A machine-rendered reading of the paper's core claim, the machinery that carries it, and where it could break.

The paper introduces a neural approach to probabilistic amplitude shaping that operates sequentially rather than in blocks. It uses an autoregressive model to generate amplitude sequences that match the channel's preferred distribution and works directly with arithmetic distribution matching. This design is presented as the first to reduce rate loss and raise achievable information rates after every implementation cost is included.
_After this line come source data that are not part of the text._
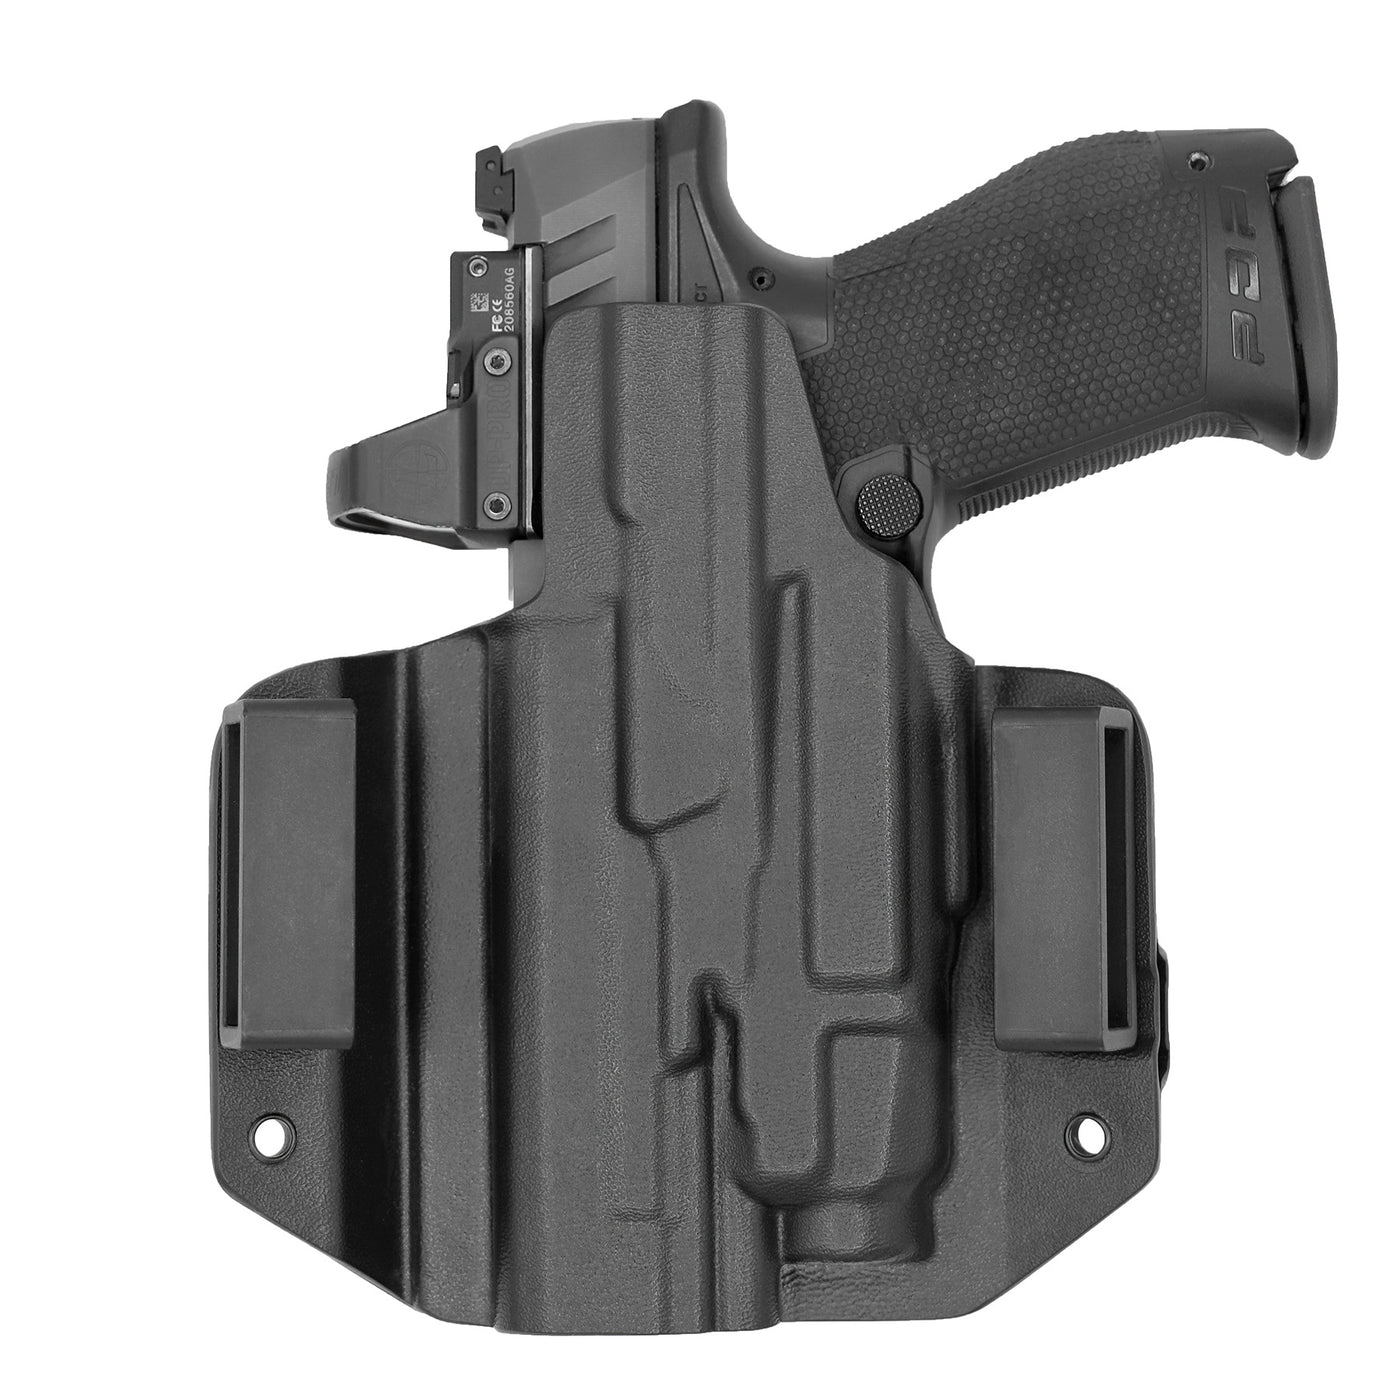 C&G Holsters custom OWB Tactical Beretta M9A3 Streamlight TLR7/A in holstered position back view
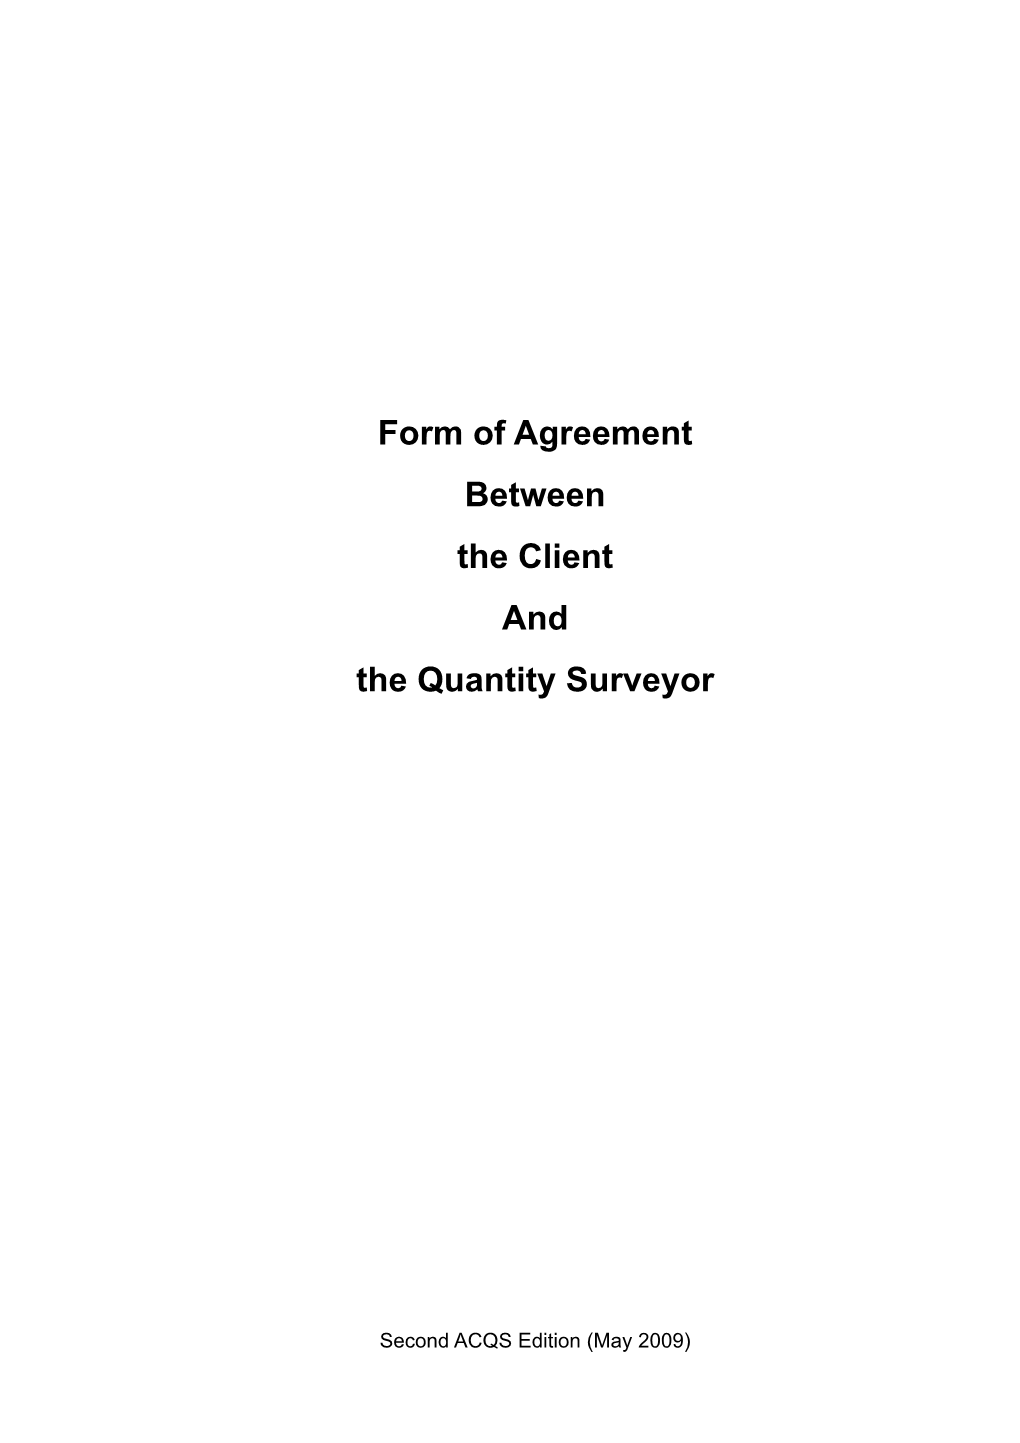 Form of Agreement Between the Client and the Quantity Surveyor
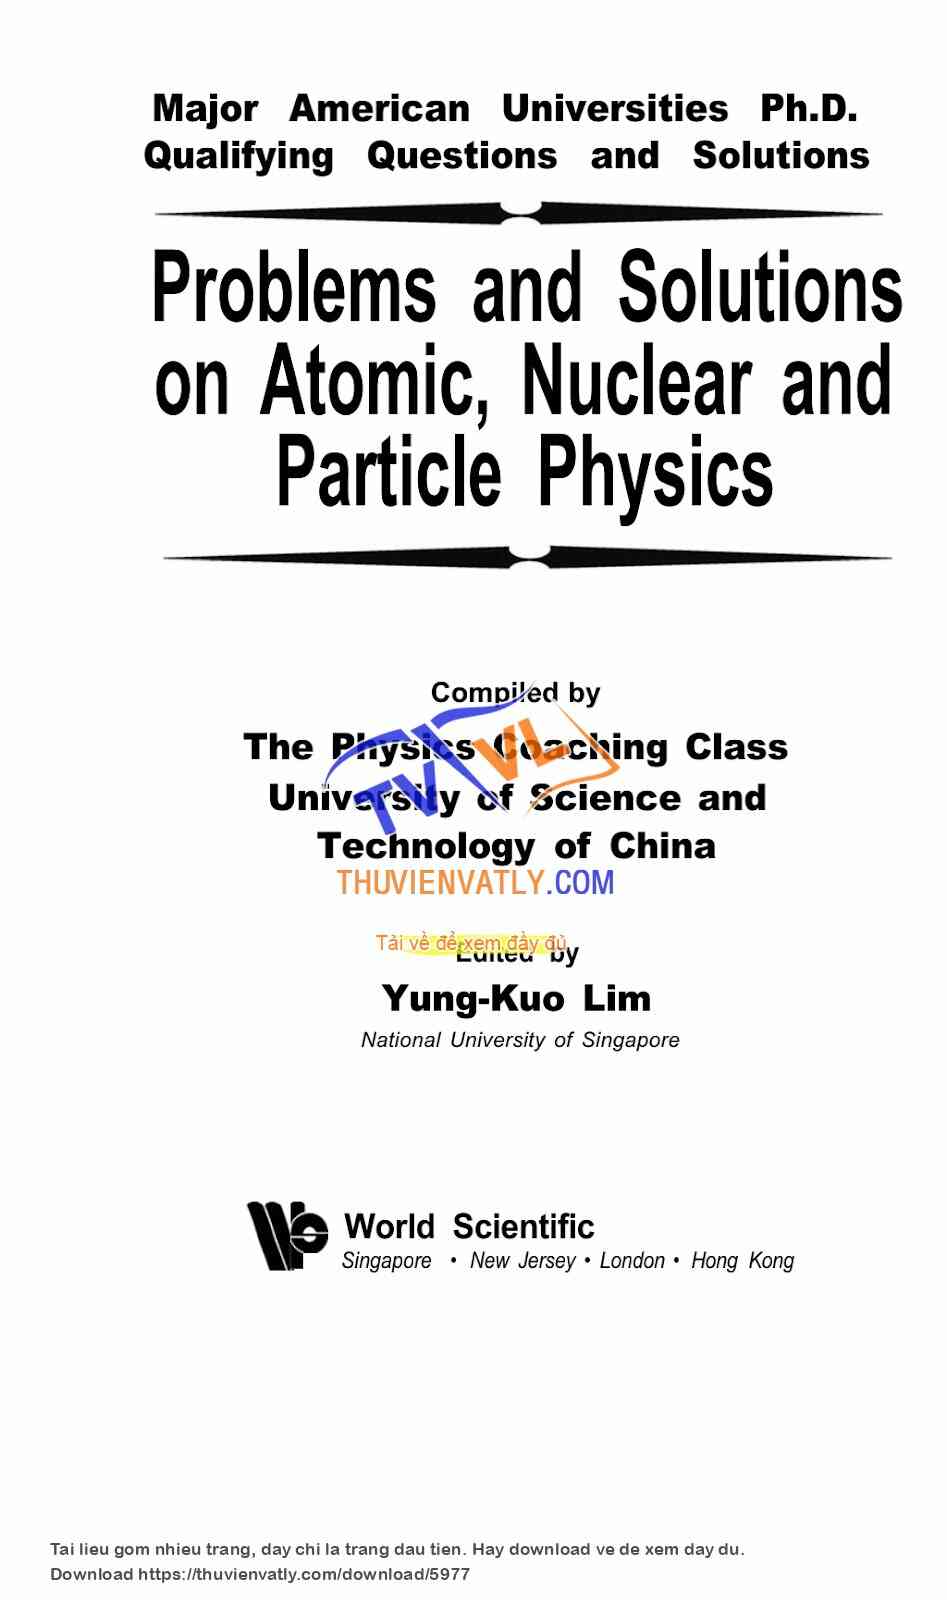 Problems and Solutions on Atomic, Nuclear and Particle Physics - Yung-Kuo Lim
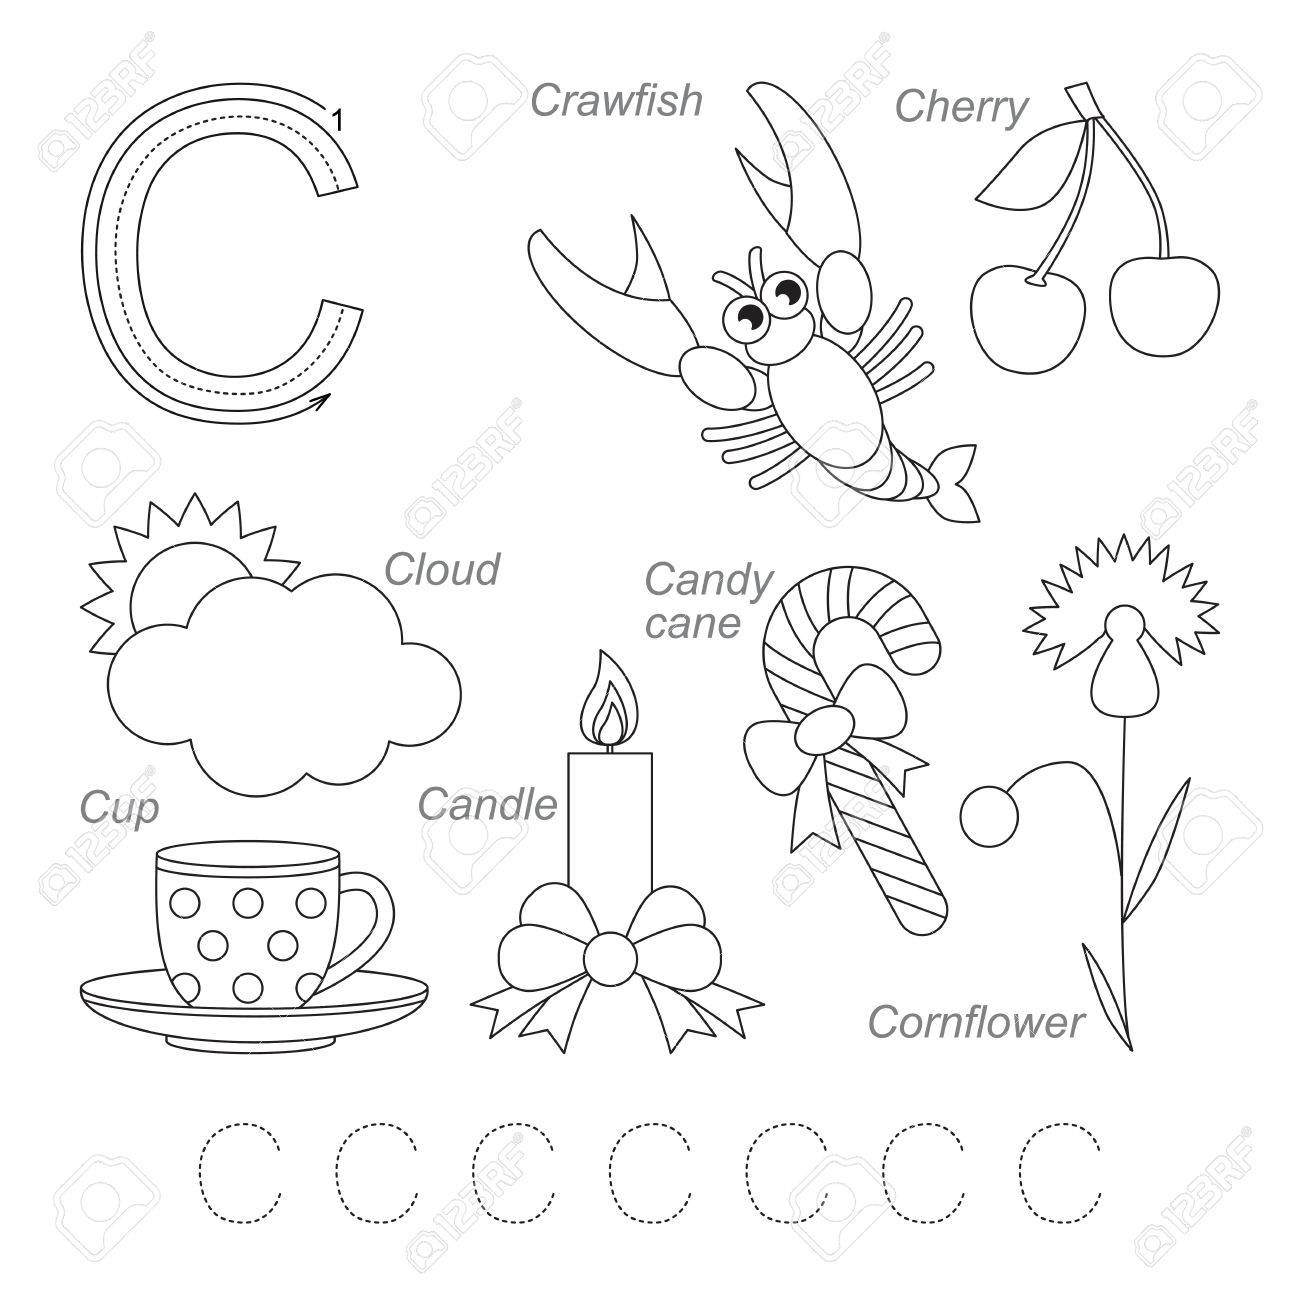 Tracing Worksheet For Children. Full English Alphabet From A.. throughout Letter C Worksheets Free
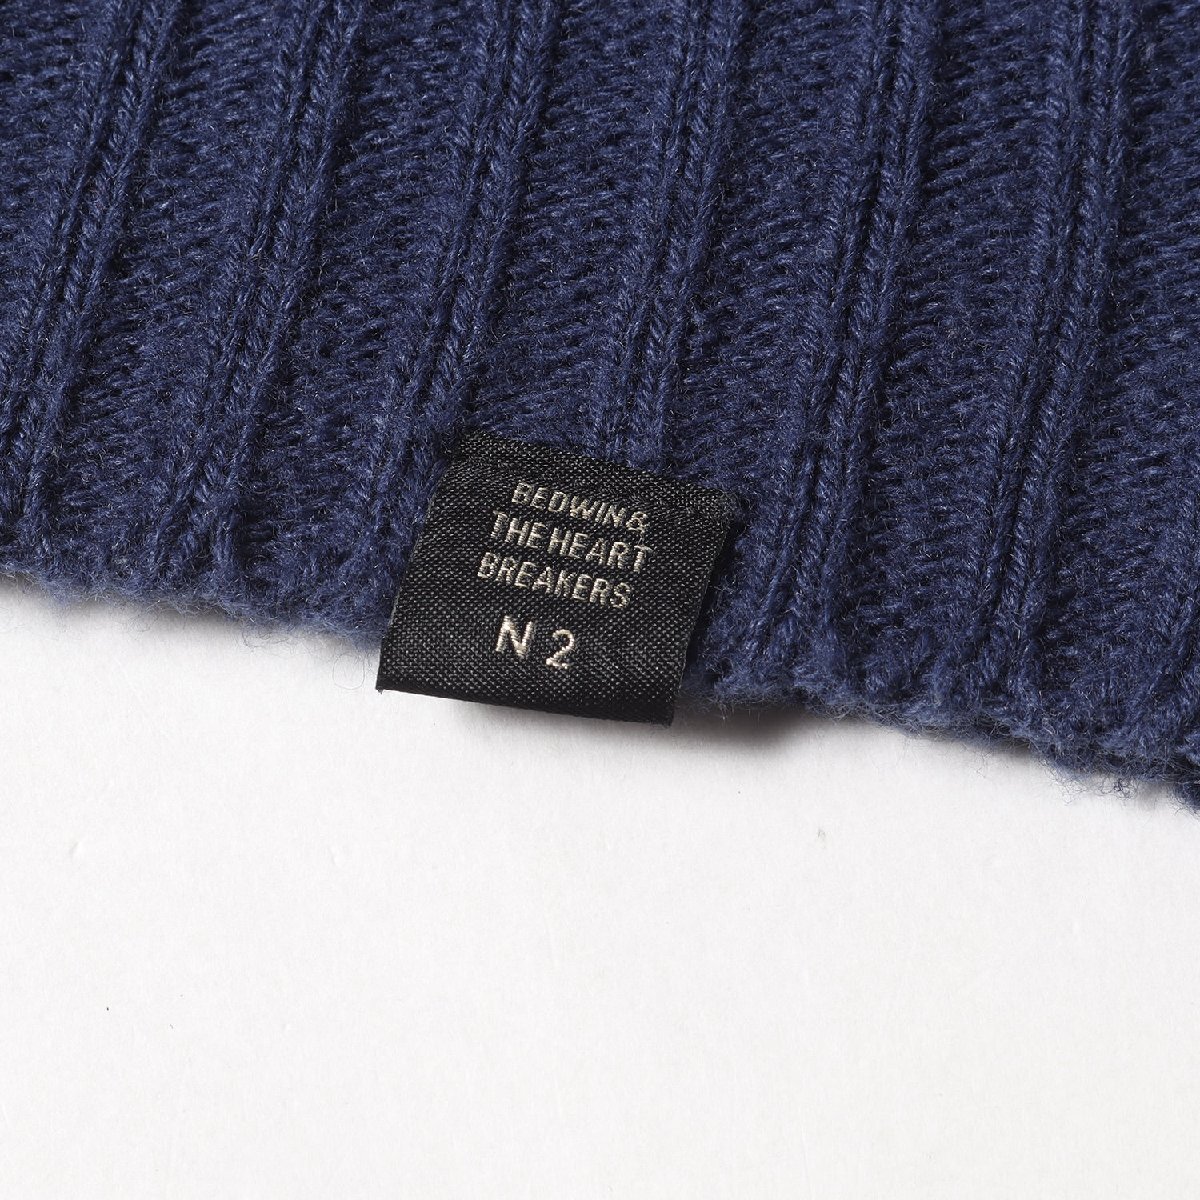 BEDWINbedo wing knitted size :2 17AW crew neck nordic knitted sweater C-NECK NORDIC SWEATER DANNY navy navy blue

A reader would care because amplitude shaping determines how efficiently power is used in high-speed links, so lower rate loss means more bits per transmission without extra hardware.

Core claim

We present the first neural probabilistic amplitude shaping that outperforms existing methods while accounting for all implementation losses, using a block-less, easily implementable sequential autoregressive encoder compatible with arithmetic distribution matching, yielding reduced rate loss and higher achievable information rates.

What carries the argument

The sequential autoregressive neural encoder that produces amplitude sequences on the fly and remains compatible with arithmetic distribution matching.

If this is right

Rate loss decreases because the encoder avoids block boundaries and fixed-length constraints.
Achievable information rates increase once all implementation losses are subtracted from the mutual information.
The encoder integrates with existing arithmetic distribution matching without requiring new hardware blocks.
Sequential generation allows the shaping to adapt symbol-by-symbol rather than waiting for an entire block.
The method applies to any modulation format where amplitude probabilities can be learned from channel statistics.

Where Pith is reading between the lines

These are editorial extensions of the paper, not claims the author makes directly.

The same autoregressive structure could be retrained on-line when channel statistics drift, enabling continuous adaptation.
Because the encoder is sequential, it may combine naturally with forward error correction that also processes symbols in order.
Extending the model to jointly shape both amplitude and phase could further raise rates in channels where phase noise is the dominant impairment.
The reduced rate loss might allow shorter codewords in the outer error-correcting code while keeping the same overall performance.

Load-bearing premise

That the neural encoder can be made block-less and fully compatible with arithmetic distribution matching while truly capturing every implementation loss without introducing hidden overheads.

What would settle it

A side-by-side hardware implementation that measures end-to-end achievable information rate for the neural method versus a conventional block-based PAS system on the same channel, with every coding and quantization loss counted.

Figures

Figures reproduced from arXiv: 2605.28143 by Amirhossein Ghazisaeidi, Lutz Lampe, Mohammad Taha Askari.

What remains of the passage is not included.